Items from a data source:

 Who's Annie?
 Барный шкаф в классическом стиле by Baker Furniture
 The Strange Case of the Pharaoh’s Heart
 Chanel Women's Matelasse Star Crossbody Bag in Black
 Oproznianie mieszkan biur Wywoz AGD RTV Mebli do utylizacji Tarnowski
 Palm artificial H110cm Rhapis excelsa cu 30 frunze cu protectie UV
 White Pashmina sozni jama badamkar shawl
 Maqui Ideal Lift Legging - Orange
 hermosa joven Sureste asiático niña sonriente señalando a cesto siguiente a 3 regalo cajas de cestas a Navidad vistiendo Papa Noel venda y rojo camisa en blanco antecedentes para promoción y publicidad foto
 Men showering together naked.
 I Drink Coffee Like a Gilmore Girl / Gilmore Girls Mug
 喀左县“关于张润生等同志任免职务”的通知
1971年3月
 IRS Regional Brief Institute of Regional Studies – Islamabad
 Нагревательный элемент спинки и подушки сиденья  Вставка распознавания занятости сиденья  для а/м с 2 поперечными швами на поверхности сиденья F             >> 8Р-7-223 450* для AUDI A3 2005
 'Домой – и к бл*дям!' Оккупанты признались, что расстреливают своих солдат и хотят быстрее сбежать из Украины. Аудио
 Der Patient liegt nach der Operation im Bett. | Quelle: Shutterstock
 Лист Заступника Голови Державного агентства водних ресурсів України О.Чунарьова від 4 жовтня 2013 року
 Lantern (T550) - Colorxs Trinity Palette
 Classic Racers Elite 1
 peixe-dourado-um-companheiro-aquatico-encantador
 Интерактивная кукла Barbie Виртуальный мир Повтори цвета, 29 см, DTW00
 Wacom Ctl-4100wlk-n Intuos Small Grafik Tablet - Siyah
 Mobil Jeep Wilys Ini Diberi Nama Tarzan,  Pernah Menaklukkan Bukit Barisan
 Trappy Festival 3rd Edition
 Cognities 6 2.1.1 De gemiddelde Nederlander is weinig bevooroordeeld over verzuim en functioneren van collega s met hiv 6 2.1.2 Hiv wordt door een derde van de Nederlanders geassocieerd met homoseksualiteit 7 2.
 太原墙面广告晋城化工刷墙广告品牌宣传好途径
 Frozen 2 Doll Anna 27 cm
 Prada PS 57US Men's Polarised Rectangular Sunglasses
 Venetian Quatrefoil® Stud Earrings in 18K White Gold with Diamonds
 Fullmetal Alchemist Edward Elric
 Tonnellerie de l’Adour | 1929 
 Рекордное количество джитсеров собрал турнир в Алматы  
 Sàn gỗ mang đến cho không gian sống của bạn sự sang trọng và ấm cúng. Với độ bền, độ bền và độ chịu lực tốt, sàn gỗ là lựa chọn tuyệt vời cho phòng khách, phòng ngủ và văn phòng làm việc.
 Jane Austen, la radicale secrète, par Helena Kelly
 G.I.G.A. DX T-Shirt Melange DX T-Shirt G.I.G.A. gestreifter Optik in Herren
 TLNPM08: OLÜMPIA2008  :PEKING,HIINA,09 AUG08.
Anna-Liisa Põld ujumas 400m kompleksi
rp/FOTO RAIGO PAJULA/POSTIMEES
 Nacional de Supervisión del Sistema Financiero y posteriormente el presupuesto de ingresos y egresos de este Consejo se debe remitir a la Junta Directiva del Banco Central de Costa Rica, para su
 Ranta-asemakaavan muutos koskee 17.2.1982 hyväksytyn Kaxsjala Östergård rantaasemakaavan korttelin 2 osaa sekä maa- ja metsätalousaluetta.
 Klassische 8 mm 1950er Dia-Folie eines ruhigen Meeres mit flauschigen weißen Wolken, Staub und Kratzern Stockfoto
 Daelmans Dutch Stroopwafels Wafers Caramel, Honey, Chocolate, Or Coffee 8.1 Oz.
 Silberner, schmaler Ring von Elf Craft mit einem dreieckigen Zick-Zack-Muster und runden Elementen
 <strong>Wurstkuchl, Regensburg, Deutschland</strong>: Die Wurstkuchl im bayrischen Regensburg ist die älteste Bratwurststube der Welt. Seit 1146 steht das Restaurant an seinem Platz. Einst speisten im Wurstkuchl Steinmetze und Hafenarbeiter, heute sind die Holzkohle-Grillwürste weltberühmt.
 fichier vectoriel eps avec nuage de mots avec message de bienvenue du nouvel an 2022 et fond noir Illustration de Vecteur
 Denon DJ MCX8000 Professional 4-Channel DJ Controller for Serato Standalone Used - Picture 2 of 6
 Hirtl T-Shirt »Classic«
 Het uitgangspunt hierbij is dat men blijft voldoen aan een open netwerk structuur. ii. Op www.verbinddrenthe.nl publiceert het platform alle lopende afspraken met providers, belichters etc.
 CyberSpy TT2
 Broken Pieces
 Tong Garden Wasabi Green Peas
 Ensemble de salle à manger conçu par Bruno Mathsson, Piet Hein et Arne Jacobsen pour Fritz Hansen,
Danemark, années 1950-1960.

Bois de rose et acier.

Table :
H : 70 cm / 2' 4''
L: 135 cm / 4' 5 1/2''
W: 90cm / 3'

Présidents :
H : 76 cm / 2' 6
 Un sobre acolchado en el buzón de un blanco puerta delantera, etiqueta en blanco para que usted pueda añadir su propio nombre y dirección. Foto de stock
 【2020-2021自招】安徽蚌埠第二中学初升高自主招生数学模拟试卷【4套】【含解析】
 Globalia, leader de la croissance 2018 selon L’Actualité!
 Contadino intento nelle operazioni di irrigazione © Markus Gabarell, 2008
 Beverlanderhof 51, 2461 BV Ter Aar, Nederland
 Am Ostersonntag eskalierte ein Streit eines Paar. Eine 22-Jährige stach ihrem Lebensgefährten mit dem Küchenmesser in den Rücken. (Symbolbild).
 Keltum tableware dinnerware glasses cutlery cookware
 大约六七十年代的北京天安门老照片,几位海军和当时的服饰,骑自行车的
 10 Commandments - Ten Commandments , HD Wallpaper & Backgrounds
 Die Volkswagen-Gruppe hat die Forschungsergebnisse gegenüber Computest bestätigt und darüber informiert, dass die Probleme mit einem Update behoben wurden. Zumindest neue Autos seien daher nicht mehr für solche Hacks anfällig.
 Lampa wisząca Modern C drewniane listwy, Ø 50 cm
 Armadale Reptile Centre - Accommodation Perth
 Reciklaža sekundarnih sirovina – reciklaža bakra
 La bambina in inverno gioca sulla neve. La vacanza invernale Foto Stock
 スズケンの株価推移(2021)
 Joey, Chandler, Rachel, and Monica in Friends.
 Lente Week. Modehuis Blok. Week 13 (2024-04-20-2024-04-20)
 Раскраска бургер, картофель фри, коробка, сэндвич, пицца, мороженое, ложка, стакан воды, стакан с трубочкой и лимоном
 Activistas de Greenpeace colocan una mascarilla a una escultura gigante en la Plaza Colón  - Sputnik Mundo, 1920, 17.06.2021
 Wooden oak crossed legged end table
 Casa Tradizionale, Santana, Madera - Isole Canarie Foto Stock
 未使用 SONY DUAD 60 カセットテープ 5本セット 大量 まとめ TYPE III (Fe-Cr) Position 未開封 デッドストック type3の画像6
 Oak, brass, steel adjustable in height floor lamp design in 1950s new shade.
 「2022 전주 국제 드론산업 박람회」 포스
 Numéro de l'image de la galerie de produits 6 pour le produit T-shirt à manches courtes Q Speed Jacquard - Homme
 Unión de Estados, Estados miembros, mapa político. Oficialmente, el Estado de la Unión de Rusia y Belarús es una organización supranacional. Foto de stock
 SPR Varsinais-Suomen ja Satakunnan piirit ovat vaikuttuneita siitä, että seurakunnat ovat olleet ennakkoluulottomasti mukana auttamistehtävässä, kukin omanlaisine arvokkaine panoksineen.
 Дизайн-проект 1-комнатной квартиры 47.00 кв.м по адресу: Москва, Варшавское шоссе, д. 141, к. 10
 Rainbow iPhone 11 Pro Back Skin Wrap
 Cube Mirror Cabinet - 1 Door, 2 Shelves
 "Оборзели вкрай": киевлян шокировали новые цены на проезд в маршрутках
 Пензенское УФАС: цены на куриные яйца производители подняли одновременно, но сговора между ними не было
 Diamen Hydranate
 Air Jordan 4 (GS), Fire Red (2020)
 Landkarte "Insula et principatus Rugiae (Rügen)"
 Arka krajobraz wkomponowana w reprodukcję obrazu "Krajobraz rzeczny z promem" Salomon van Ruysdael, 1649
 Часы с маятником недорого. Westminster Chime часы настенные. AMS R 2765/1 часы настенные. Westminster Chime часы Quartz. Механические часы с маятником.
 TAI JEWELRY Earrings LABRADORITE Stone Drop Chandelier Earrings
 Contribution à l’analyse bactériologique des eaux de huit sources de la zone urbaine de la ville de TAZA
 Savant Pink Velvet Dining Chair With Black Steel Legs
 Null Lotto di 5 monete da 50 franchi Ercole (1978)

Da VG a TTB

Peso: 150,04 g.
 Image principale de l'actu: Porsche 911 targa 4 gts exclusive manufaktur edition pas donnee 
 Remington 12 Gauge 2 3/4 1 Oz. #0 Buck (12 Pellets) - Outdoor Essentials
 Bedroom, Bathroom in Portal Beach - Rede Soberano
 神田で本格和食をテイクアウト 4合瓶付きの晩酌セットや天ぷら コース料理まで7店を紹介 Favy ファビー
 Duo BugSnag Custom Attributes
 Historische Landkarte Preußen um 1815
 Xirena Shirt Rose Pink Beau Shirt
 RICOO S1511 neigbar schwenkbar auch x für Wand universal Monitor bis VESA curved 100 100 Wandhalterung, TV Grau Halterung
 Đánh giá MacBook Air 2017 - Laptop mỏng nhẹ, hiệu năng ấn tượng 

TASK DIRECTIONS. Look through the entries above. Copy out every line holding the word "Anna".

ANSWER FOR THIS EXERCISE.
 Frozen 2 Doll Anna 27 cm
Anna-Liisa Põld ujumas 400m kompleksi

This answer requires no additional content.